SAN FRANCISCO, March 23 (Xinhua) -- A new study has taken a step forward to monitoring patients' response to cancer therapy by simply having their blood drawn and protein biomarkers measured.
The new probe starts with isolating cancer proteins in rare, individual tumor cells that float in the blood, and then using a microfluidic device to break the cells open and test the cellular contents for protein biomarkers, which are indicators of cancer.
In the study led by the University of California, Berkeley, researchers have isolated circulating tumor cells from the blood of breast cancer patients and used microscale physics to design a precision test for eight protein biomarkers while tring to expand the number of proteins identifiable with this technology.
"Tremendous advances have been made in DNA and RNA profiling in cells collected using a liquid biopsy. We extend those advances to highly selective measurement of proteins -- the 'molecular machines' of the cell," said Amy Herr, a UC Berkeley bioengineering professor. "We are working to create medicine that would allow a doctor to monitor a patient's treatment response through a blood draw, perhaps on a daily basis."
Circulating tumor cells are believed to be a potentially rich source of information about a person's cancer. These cells are thought to break off from the original tumor and circulate in the blood, and may be a sign of an aggressive tumor.
But studying these cells is difficult because the cells are rare, so few are collected even when enriched from the blood.

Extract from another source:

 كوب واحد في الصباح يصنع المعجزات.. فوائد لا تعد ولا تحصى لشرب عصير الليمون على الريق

The cells contain different proteins than the original tumor, so research is ongoing to unlock their secrets.
To better study these cells, the researchers collaborated with physician-scientists and industry engineers to develop a microfluidics system that separates these large cells into a concentrated sample.

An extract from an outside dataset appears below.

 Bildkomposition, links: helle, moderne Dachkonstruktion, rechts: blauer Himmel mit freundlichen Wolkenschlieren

A key advance made by the team headed by Herr was in devising a system to precisely handle and manipulate the concentrated cells from blood, according to a news release from UC Berkeley. The researchers then analyzed each circulating tumor cell for the specific panel of cancer proteins.

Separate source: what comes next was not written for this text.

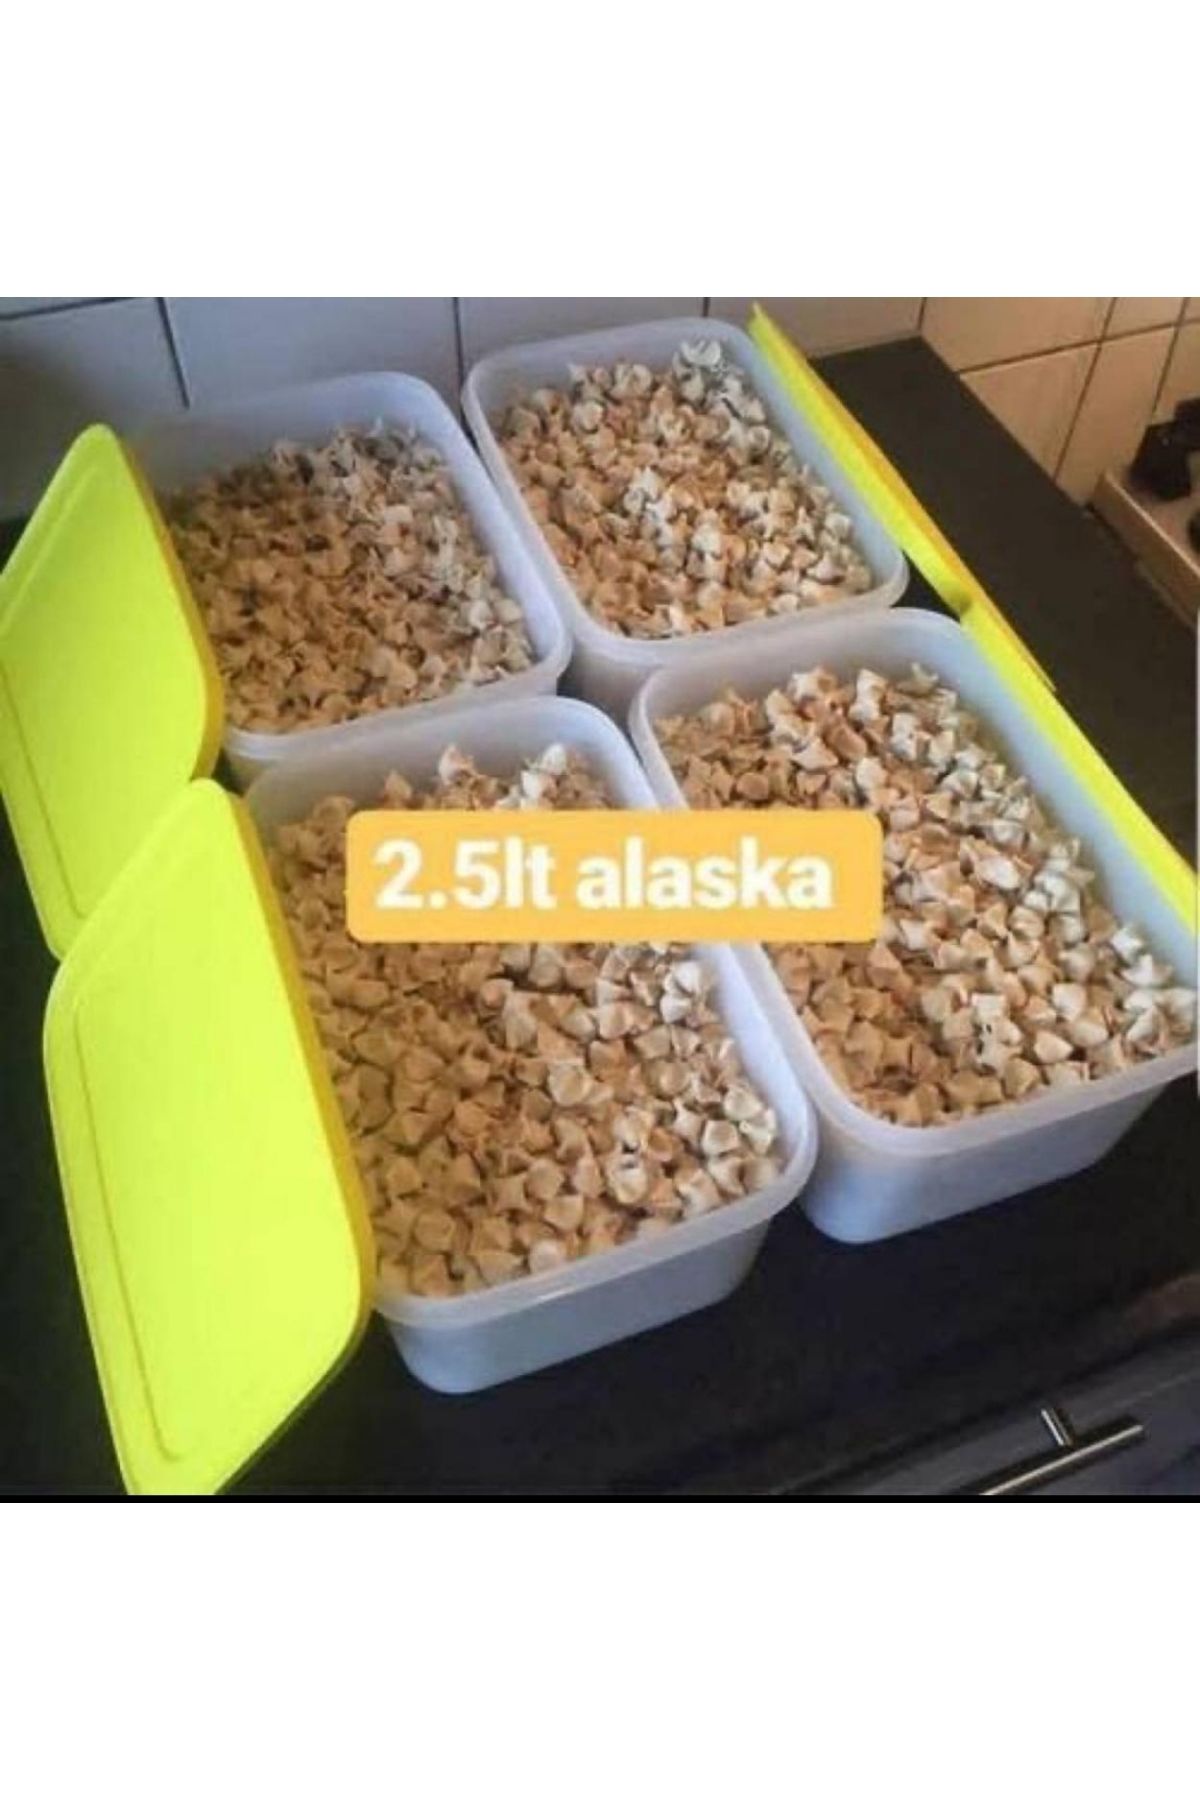 Tupperware 4 Adet 2.5 LT Alaska

To be analyzed, each cell was place in a microwell with a diameter roughly half the width of a human hair. Once settled in the microwell, the circulating tumor cells were burst open and the proteins released from inside each cell were separated according to differences in size or mass.
The researchers were then able to identify cancer proteins by introducing fluorescent probes that bind to and light up a specific protein target. By sorting and probing the protein targets, the test is more selective than existing pathology tools.
Enhanced selectivity will be crucial in detecting subtle chemical modifications to biomarkers that can be important but difficult to measure, Herr was quoted as saying.
"Microfluidic design was key in this study. We were able to integrate features needed for each measurement stage into one process," she said. "Systems integration allowed us to do every single measurement step very, very quickly while the biomarkers are still concentrated. If not performed exceptionally fast, the cell's proteins diffuse away and become undetectable."
The study was published Thursday in the journal Nature Communications.